Reply #73. Mar 30 09, 8:46 PM
Mark_Simonson
Of what religion did Hitler associate himself with? I've heard once or twice that he was a Christian.

Reply #74. Apr 13 09, 4:33 PM
Arpeggionist star
Hitler was baptized in the Roman Catholic Church. Whether one can say he kept up with the articles of Christian faith as an adult is up to debate.

Reply #75. Apr 14 09, 7:02 AM
mjws1968 star


player avatar
Like most people of Austria and Bavaria he was raised as a Catholic, and remained so until his death. He kept his religious activities out of the public domain, and all statements about his religion as an adult come in the form of propaganda, and are therefore suspect. His hatred of atheism at a state level was one of the reasons he hated Stalin and Russia so much, but religion was used as a propaganda tool by the Nazi party, they used elements of pre-Christian roman religion, flirted with elements of eastern religions, of course made heavy use of mysticism, hence the search for the Spear of Destiny and other relics of a mystical nature. Hitler himself seemed to maintain a kind of religious neutrality.
Documents were uncovered a while back that showed that the Nazis planned to eradicate Christianity after the war had been successfully concluded, some sort of state religion, with Hitler as divine intermediary was the likely replacement, but in the early stages of the rise of the Nazis they needed allies wherever they could get them.
Its a difficult field of study, as truly unbiassed and objective documents are virtually non-existent.

Reply #76. Apr 14 09, 8:43 AM
Pagiedamon
One slightly osbscure mystery is the one regarding the Earl of Leicester (Robert Dudley, Queen Elizabeth I's paramour) and his wife Amy Robsart. There was a lot of talk about the queen being in love with Robert, and then Amy was found mysteriously dead. Apparently, she had fallen down the stairs and very conveniently died.

Reply #77. Apr 14 09, 7:18 PM
Cymruambyth star


player avatar
Paige, one of history's mysteries for me is what QEI ever saw in Robert Dudley! Talk about your average, puffed-up-in-his-own conceit twits...he heads the list in my opinion.

Reply #78. Apr 17 09, 11:16 AM
Pagiedamon
Cym, you know women often make poor choices in matters of love. :-) Even Gloriana.
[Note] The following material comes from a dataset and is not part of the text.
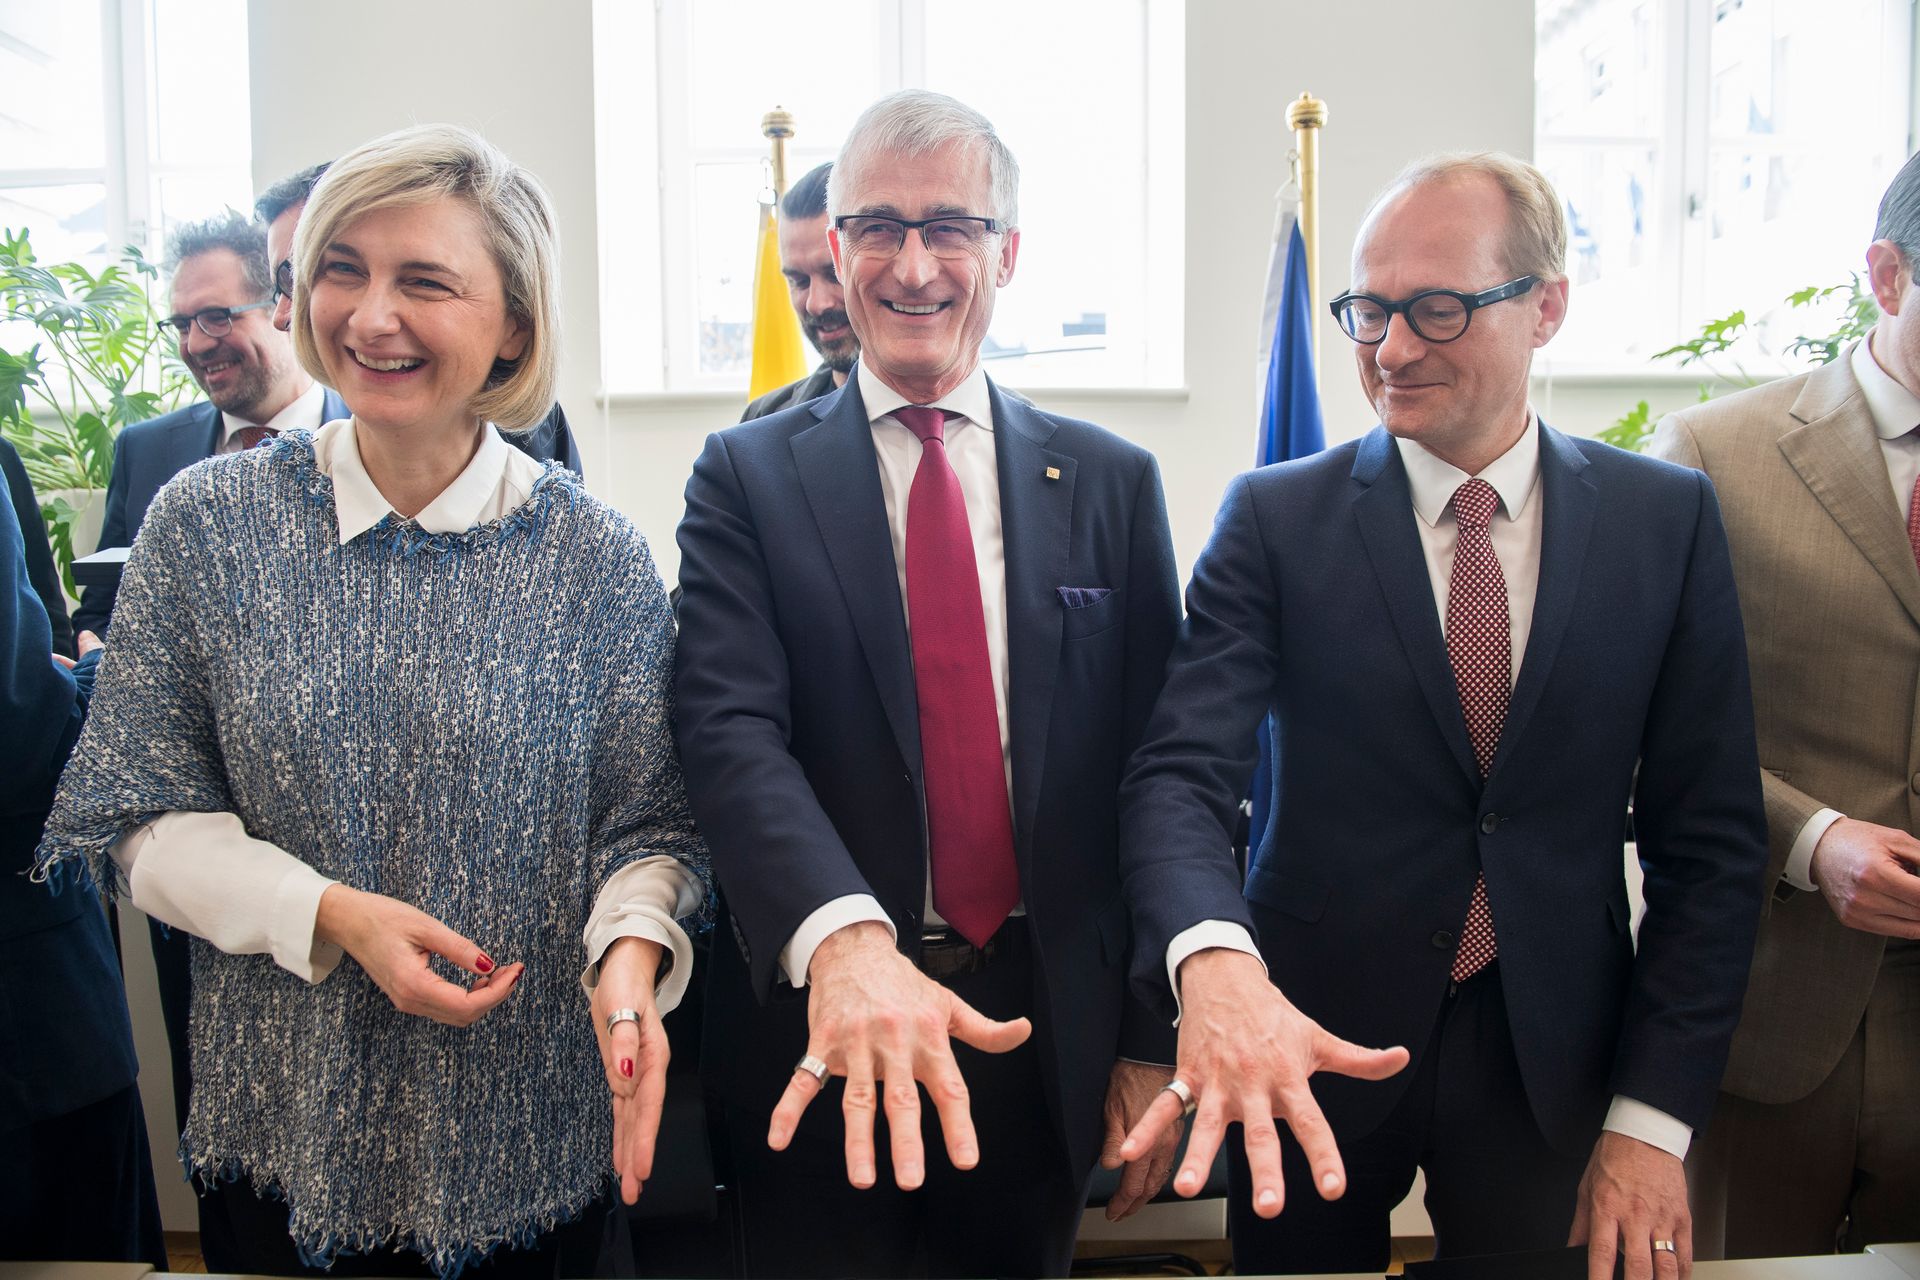 De gauche à droite: Hilde Crevits (CD&V) vice-ministre président, Geert Bourgeois (N-VA) ministre-président et Ben Weyts (N-VA) ministre du Transport.

Reply #79. Apr 17 09, 12:02 PM
Rowena8482 star


player avatar
I read a novel once, based on "slight" evidence that Elizabeth I actually bore a child. The story followed the supposed child's life story, but the actual supposition was based in some scant facts.
Apparently the Queen arrived at a particular manoe during a Royal Progress, took to her rooms, and it was put about that she had smallpox and so was in isolation apart from a few devoted servants. Eventually she emerged having survived unscathed. However, it is a matter of record that she later contracted smallpox whilst at her palace in London (which is accepted as fact) and it is impossible to get smallpox twice. The theory was that she in fact bore a child whilst secluded at the Manor, and the child was spirited away to be raised by a loyal family... I'd love to know if this was true or not, and if it were true, who the father was and what actually became of the child.